Of course, old API is not going away anytime soon because it is actually a POSIX standard. However, developers recognize the problem and there are better ways to handle signals. In Linux, for example, you can use eventfd to install a signal handler, associate it with arbitrary context and do whatever you want in the callback function.

At any rate, let's get back to the lambda you were playing with. The problem is not with C++, but with signals API that leaves no way for you to pass a context except using a global variable. That being said, it works with lambdas too:

#include <string>
#include <cstdlib>
#include <csignal>
#include <iostream>

struct some_data {
    std::string code;
    std::string desc;
};

static some_data data({ "SIGING", "Interrupt" });

int main()
{
    signal(SIGINT, [](int signal) {
            std::cout << "Got " << signal << " (" << data.code << ", "
                      << data.desc << ")\n" << std::flush;
        });
    return EXIT_SUCCESS;
}

Therefore, there is no shame in what C++ is doing here as it does a right thing.



回答3:

You cannot easily create a new static function in runtime, some JIT compilers libs are able to do this. If you need only a reasonable number of pointers, you can create some pool of static functions by specializing a template.

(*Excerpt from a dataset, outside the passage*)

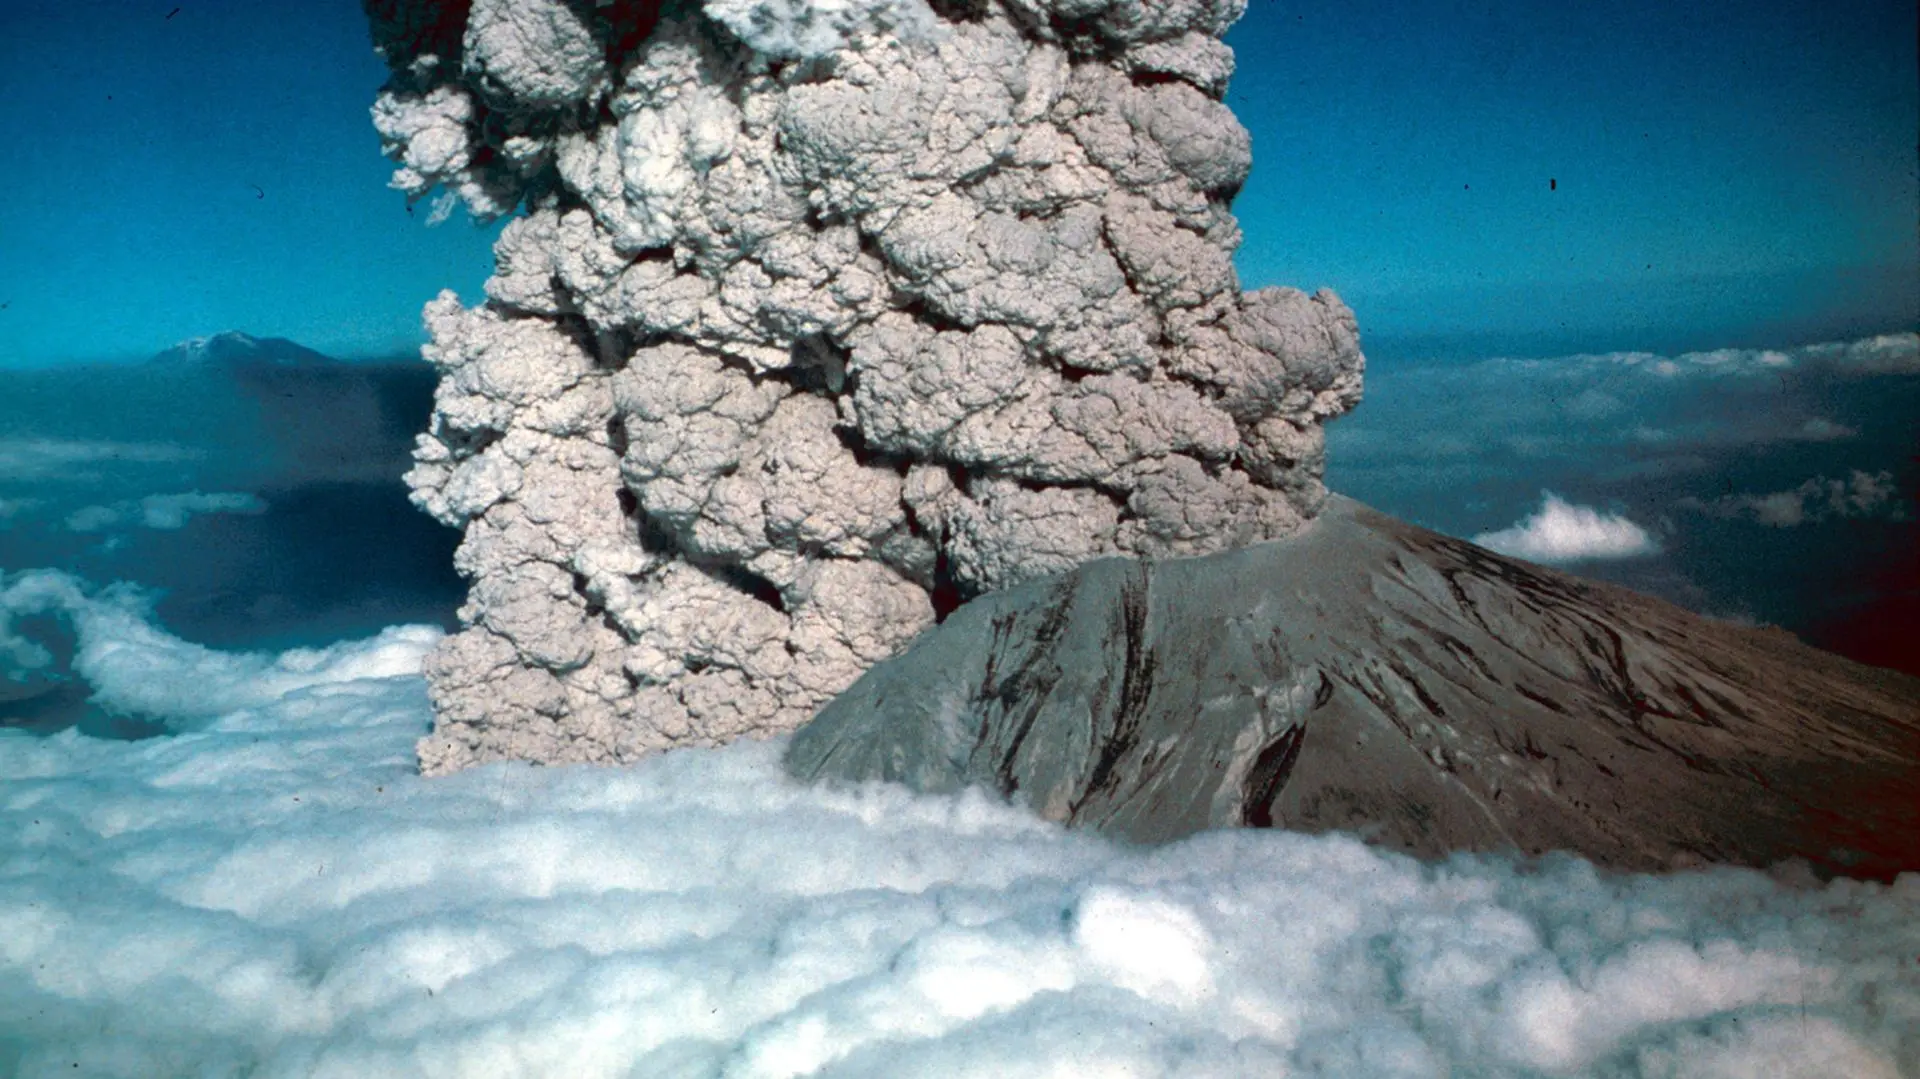 The Eruption of Mount St. Helens!_peliplat

So easiest way is to wrap C++ Functors by a static function. The problem here is that there is no something like user data parameter. There is only one parameter, that is a number of signal. Since there are only 64 signals, you can create a static array of std::function< void(int) > and call each depending on signal number. Some simple example:

typedef std::function< void(int) > SignalFunc;

static std::array< SignalFunc, 64 > signalsFunc;

static void cHandler(int nSig)
{
    signalsFunc.at(nSig)(nSig);
}

SignalFunc RegisterSystemSignal( int sig, SignalFunc func )
{
    if( signal( sig, func ? &cHandler : (sighandler_t)SIG_DFL ) != SIG_ERR )
    { 
        func.swap( signalsFunc.at( sig ) );
        return func;
    }
    throw some_error();
}

So now you can do that:

RegisterSystemSignal(SIGFPE, [&](int nSig)->void{handler(nSig,data);});

There is also a sigaction witch have more features.